RE: BSE

2001-05-01 Thread David Honig

 The idealism that I refer to is the
 concept that human beings can create
 something substantially better than
 what exists.


This is the fundamental driving force of all human endeavor incl. tech.,
ag., etc.

Make your kids' situation better than yours.

Everything follows.




Re: BSE

2001-04-30 Thread mmotyka

The level of idealism is amazing. The corrective forces of free markets
and anarchy usually discussed here are certainly in operation in varying
degrees throughout our economic system. I think the confidence level
is naive and the damage that can result from unfettered profit seeking
is underestimated. I also doubt that anyone here has the bandwidth to
handle the information required to do it all yourself. Hence the
evolution of collective systems to perform the tasks with all of the
imperfections ( and some new ones to boot ) of the component parts that
go into them. 

LOL,
Mike

James A. Donald wrote:
 
 If people are concerned about scrapie, they will demand meat that has never
 been fed cannibalistically, just as some people demand pestified free fruit.
 
 By and large, most people make better choices for themselves than
 government officials make for other people.
 
 --digsig
  James A. Donald

From Sandy Sandfort

 First of all, your questions assume a lot of facts not in evidence.  Anarchy
 and regulation are not mutually exclusive, nor are the best interests of
 the community (whatever that means) and profit.
 
 The best way to approach any sort of anarchy question is to assume that
 you are already in a state of anarchy and then ask the question, what would
 *I* do to protect myself and others from this health hazard?
 
 You should really do the head-work for yourself, but I can throw out a
 couple of ideas to show how I'd approach the problem.
 
 1) To protect myself, I'd only eat beef that had been certified as okay by
 someone I trusted.  I'd be comfortable if it carried the Kosher mark, the
 Good Housekeeping Seal of Approval, Underwriters Laboratories UL logo,
 Consumers Report rating or maybe even a no-mad-cow assurance from the Beef
 Council (It's What's for Dinner).  All of these are forms of voluntary
 regulation.
 
 2) To protect everyone else, I might start a business that tested and
 certified beef.  It could either use the Consumer Report business model
 (consumer directly bears the cost of certification) or the Kosher model
 (producers bears the cost).  Hopefully, I'd do well by doing good.
 
 In any case, selling bad products is not consistent with short or long-term
 profit.  Businesses don't submit to voluntary rating/certification because
 they are nice guys, but because it enhances their ultimate profit by
 quelling consumer fears.  And if you don't believe this simple truth, just
 try to buy a can of Bon Vivant vichyssoise soup.
 
 
  S a n d y




RE: BSE

2001-04-30 Thread Sandy Sandfort

Mike wrote:

 The level of idealism is amazing.

Do you mean in those who continue to believe in coercive solutions (i.e.,
government)?  Especially in the face of the fact that government has been
responsible for 120+ million deaths in the 20th century alone?  :-D


 The corrective forces of free markets
 and anarchy usually discussed here
 are certainly in operation in varying
 degrees throughout our economic
 system.

Yes, we live in a mixed economy.  The countries with the most government,
though have the least responsive economies and vice versa.

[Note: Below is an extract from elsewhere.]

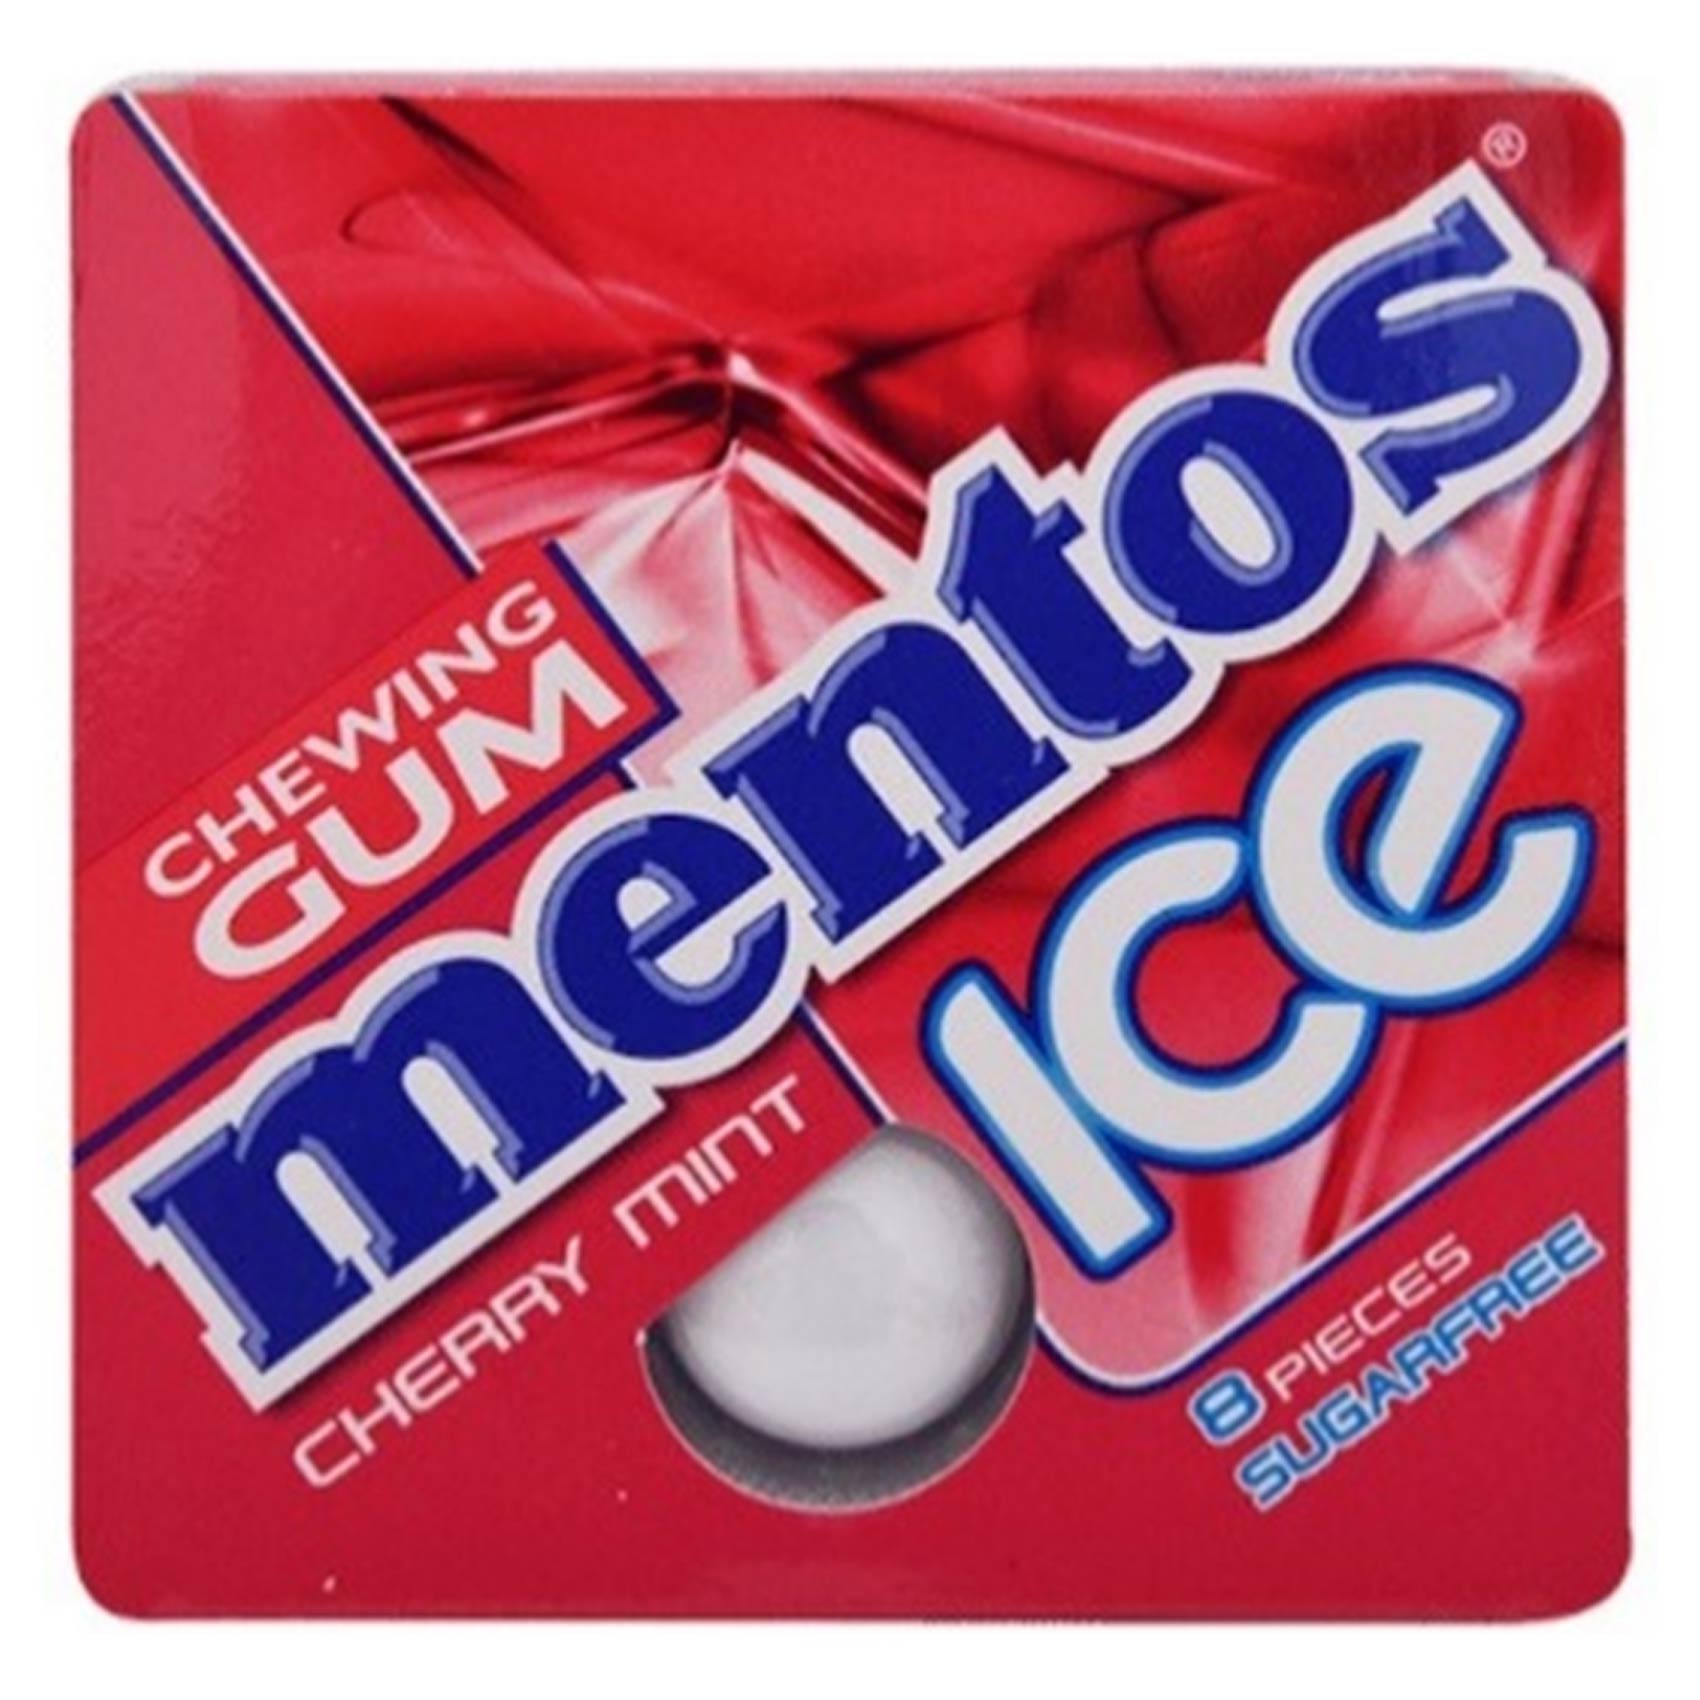 Mentos Ice Sugar Free Cherrymint Chewing Gum 120GR

 I think the confidence level is naive
 and the damage that can result from
 unfettered profit seeking is
 underestimated.

You have fallen for the Inchoate fallacy.  Profit seeking is not the sine
qua non of literal anarchistic systems--non-coercion is.

 I also doubt that anyone here has the
 bandwidth to handle the information
 required to do it all yourself. Hence
 the evolution of collective systems to
 perform the tasks...

You're generalization is correct, but your underlying assumption is flawed.
Yes, groups of people collectively address problems that they cannot solve
on their own.  However, this does NOT imply or require coercive collective
solutions.  Voluntary cooperation is totally consistent with literal
anarchic systems.


 S a n d y




RE: BSE

2001-04-30 Thread mmotyka

 Mike wrote:
 
  The level of idealism is amazing.
 
 Do you mean in those who continue to believe in coercive solutions (i.e.,
 government)?  Especially in the face of the fact that government has been
 responsible for 120+ million deaths in the 20th century alone?  :-D

The idealism that I refer to is the concept that human beings can create
something substantially better than what exists. We should all have a
touch of this idealism but reality doesn't fit the model so well.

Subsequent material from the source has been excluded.